まずマスターはジガー・カップと呼ばれる、円錐の計量具にハチミツを注いだ。それをシェイカーに注いでから、ミネラルウォーターをシガーに入れる。
何をするかと思えば、小さなスプーンでシガーの中をかき混ぜている。どういう行動なのだろうか。よく観察してみると、円錐の中を洗っている様子だった。
そっか、ハチミツって、かなりドロっとしているんだ。だから、ちゃんと全部入るように水で付着を落としているのか。マスターはジガーの中の水を、シェイカーに注いだ。
水入れて大丈夫なのか。オレの心配をよそに、マスターはカシスシロップを注ぐ。既に絞ってあるレモンの小瓶を取り出して、それもシェイカーの中に収めた。
バースプーンで、シェイカーの中の液体をクルクル回す。マスターは止めたスプーンの先を見て、再びクルクル回す。シェイクする前に、ハチミツが馴染んだかチェックしているのか。
暫くすると、マスターはスプーンの先を見てから味見。これでオッケーなのかもしれない、バースプーンを水の入ったカップに戻し。シェイカーの蓋を閉める。
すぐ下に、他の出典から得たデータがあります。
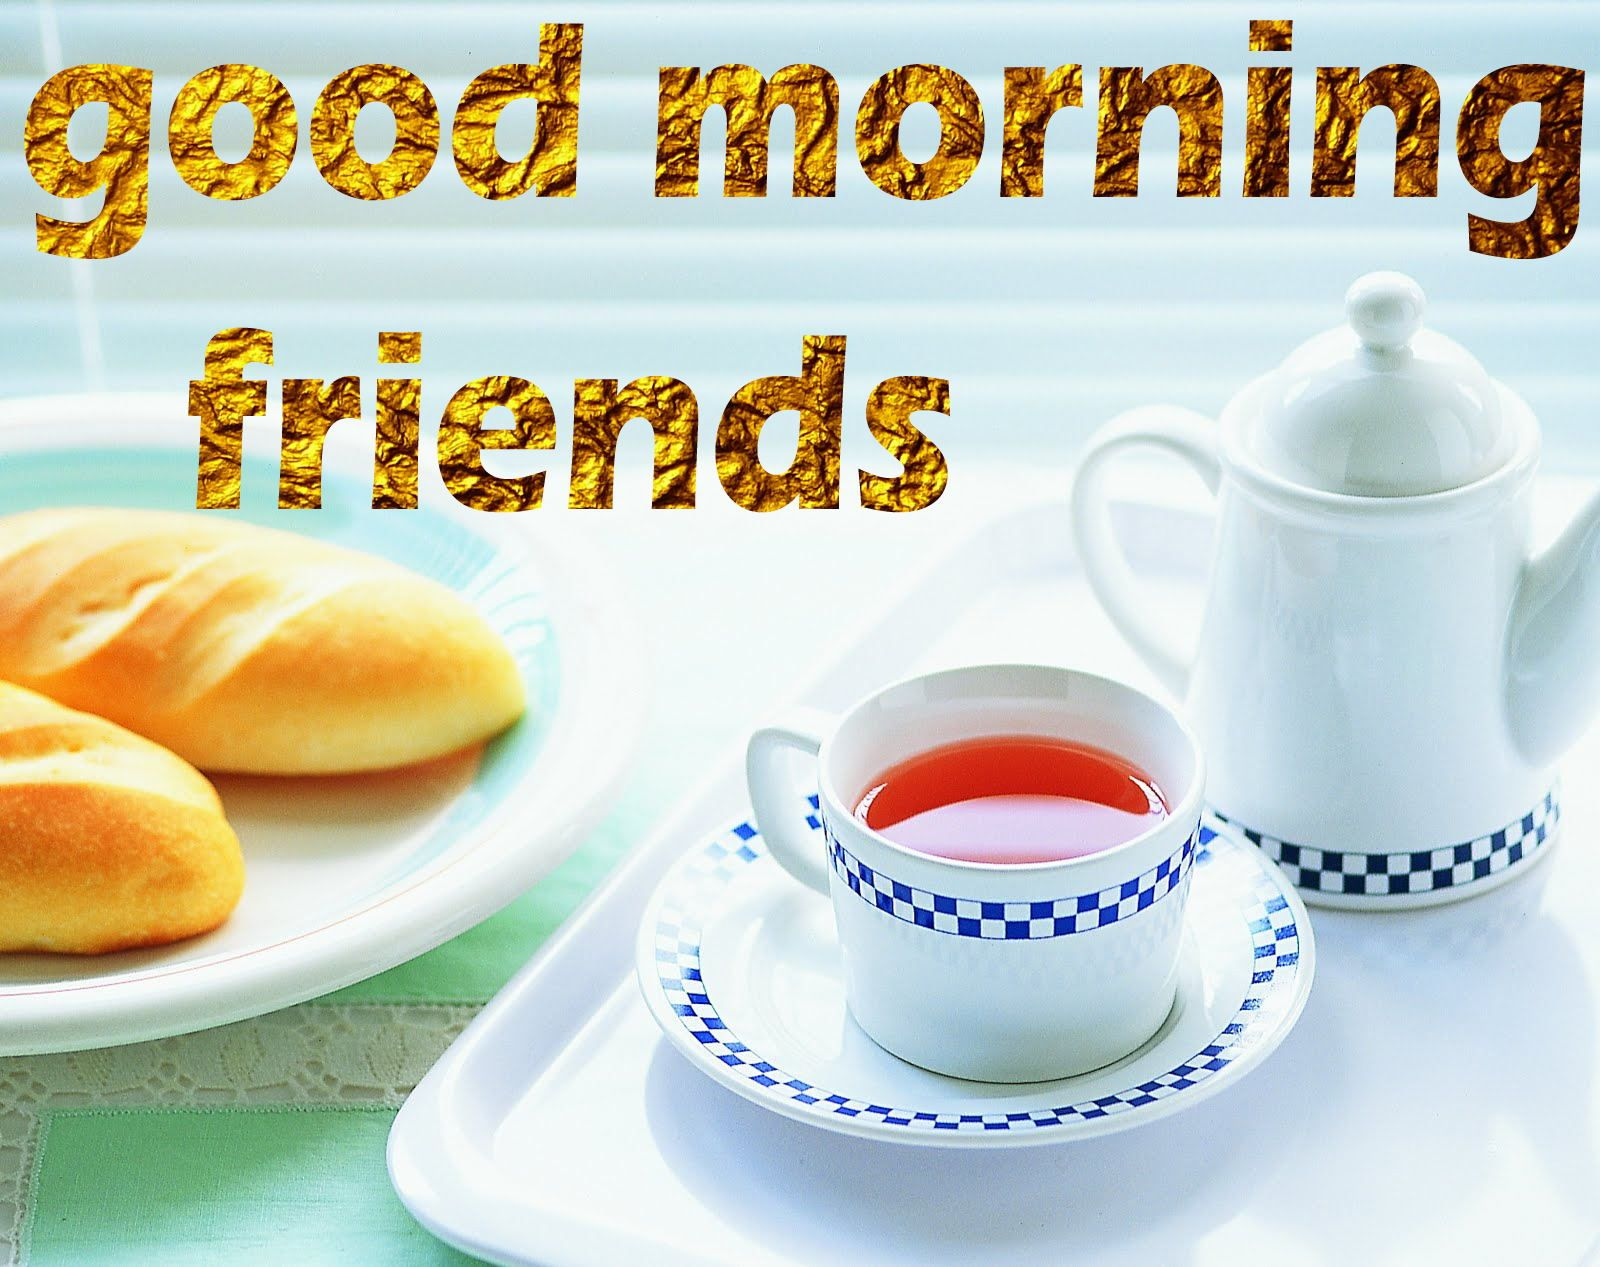 Good Morning Wallpapers Hd 41 1600x1267

二つのタンブラーに、夕方にオレが割った氷を二個入れて、クルクルと回して馴染ませる。グラスに霜が張った所で、中の溶け水を捨てる。シェイカーを持ったマスターは、開けて中に氷を詰める。蓋をして、構えて、音楽に合わせてシェイクを始める。
氷の響くサウンドは、心地いい音色だって思った。どうやら芹井さんも、青いドレスのお客様も似たような事を思っているらしい。喜怒哀楽でいう、楽の表情がそれを物語っていた。マスターは、自分のシェイクの癖に合った音楽を選ぶ才能があるのだ。珍しく8の字を描いたシェイクなのは、使っているのがハチミツだからかもしれない。
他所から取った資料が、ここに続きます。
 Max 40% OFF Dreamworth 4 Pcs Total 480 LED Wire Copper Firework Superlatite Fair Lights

並べたタンブラー・グラスに、シェイカーの中身を交互に注ぐ。バースプーンで、クルクルと氷と馴染ませる。ミネラルウォーターを注いで、氷を二度も三度も上げてからステアを五回した。最後にグラスに輪切りレモンを、半身浴のように浸けた。
「ハニー・カミングです」
オレらの前にコースターを出して、マスターはカクテルを置いた。カシスを使ったカクテルは、どれもルビーのような色彩になるんだけど。薄まっているし、レモンが入っているからか。ひだまりのような、オレンジ色にも見えたんだ。
芹井さんがグラスをこちらへ掲げたので、オレも同じようにする。薄いグラスは割れやすいので、ぶつけると危険だ。こうして、掲げるだけでも乾杯の意味になる。
一口飲むと、舌一杯にハチミツの優しい甘味が溶けだした。それを追うように、レモンの酸味が舌に広がった。後味にカシスの風味が来るのが、いいアクセントとなっている。芹井さんの方を見ると、蜜だけに満ち足りた表情を浮かべていた。
ハチミツ入りのレモンジュースは自販機なんかでも見るけど、ちゃんとした材料を使ったものは全然違うって思った。市販のアイスと牧場の手作りと、同じようなものかもしれない。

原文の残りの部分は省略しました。